You can also find past episodes on this blog here.

Migrant workers who work as a domestic worker and caregiver in Taiwan don’t have power to put pressure on the government because they cannot vote. But the employer who employs them does have power. Therefore the government won’t do anything that would make these employers unhappy.

Recommended Reading
  • The Taipei Timesreported on the MOL’s plan to increase the wages of foreign in-home caregivers. Provides details about the proposals as well as some history on wage policy for domestic workers.
  • A day later, the MOL pushed back on reports that the wage increase would occur in July: the same time the minimum wage is set to increase. The MOL has said it plans to enact the proposals at the end of the year.
  • Here’s a 2006 profile of today’s guest.
  • Results from a 2011 Council of Labor Affairs survey that show that more than 85 percent of employers would be willing to pay wages at or above the minimum wage. Critical conclusion: “Officials said the survey showed that if the council proposed including foreign caregivers in the act and therefore having their salaries adjusted in accordance with the minimum wage, it would be widely accepted by most employers of foreign caregivers.”
  • More useful stats from the same survey.
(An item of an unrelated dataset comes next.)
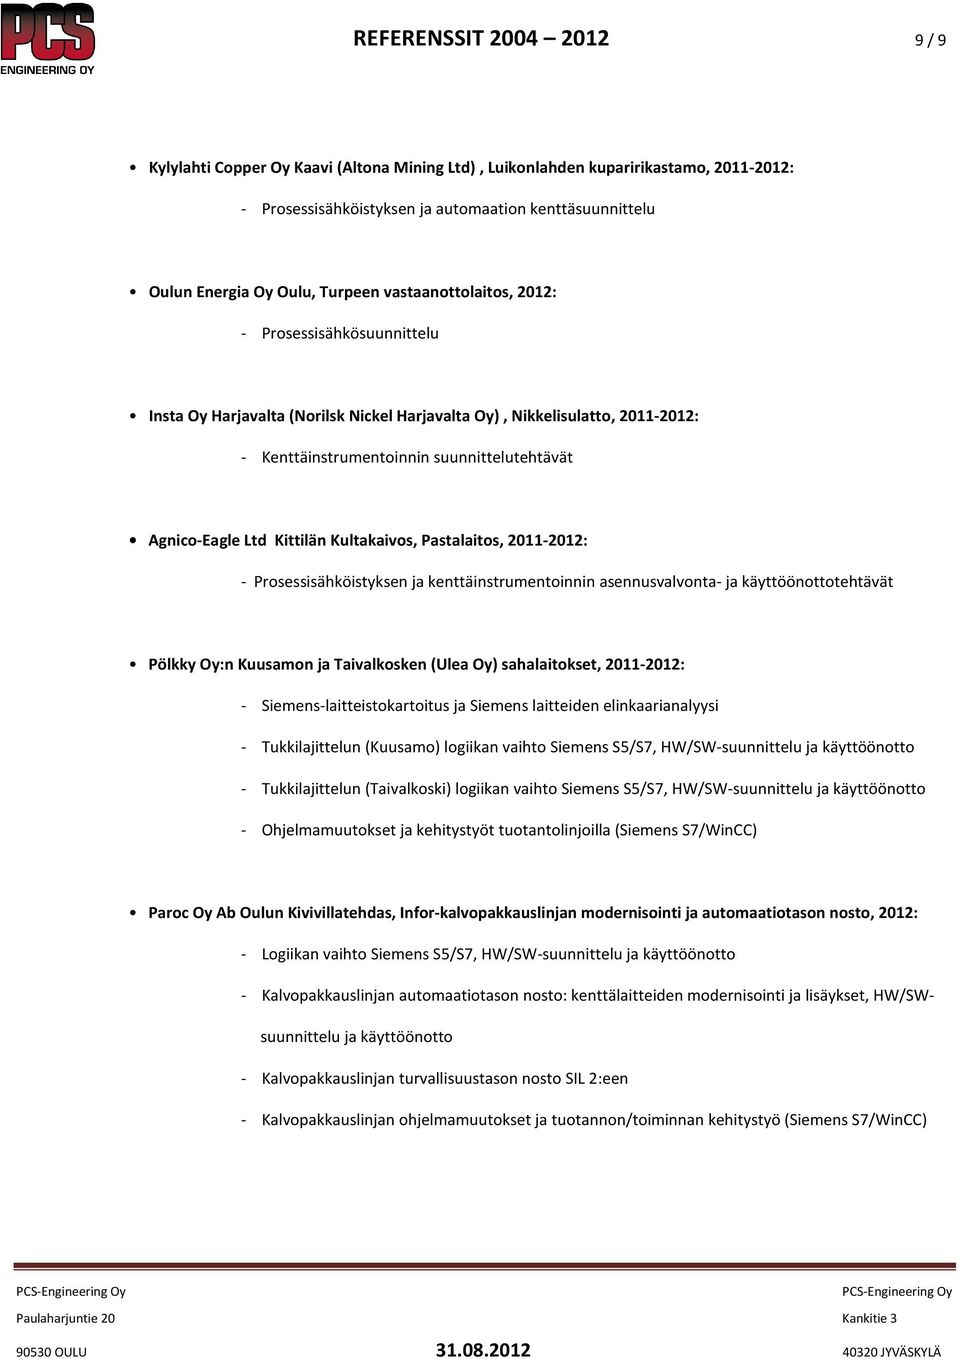 Ltd Kittilän Kultakaivos, Pastalaitos, 2011-2012: - Prosessisähköistyksen ja kenttäinstrumentoinnin asennusvalvonta- ja käyttöönottotehtävät Pölkky Oy:n Kuusamon ja Taivalkosken (Ulea Oy)

Here’s one that gives some data on how much these caregivers are working: “The average daily work hours reached a high of 12.9 for foreign caregivers employed by households, and their average work hours reached as many as 387 per month, as the vast majority of such caregivers were not allowed to take any leaves in the whole month.
  • Indonesian and Filipino workers staged a protest over the wage and work hours issues in February. This article details some of their complaints.
  • This is a little off topic, but here’s an article that paints a vivid picture of some of the challenges faced by migrant brides in Taiwan. It uses a lot of quotes from today’s guest.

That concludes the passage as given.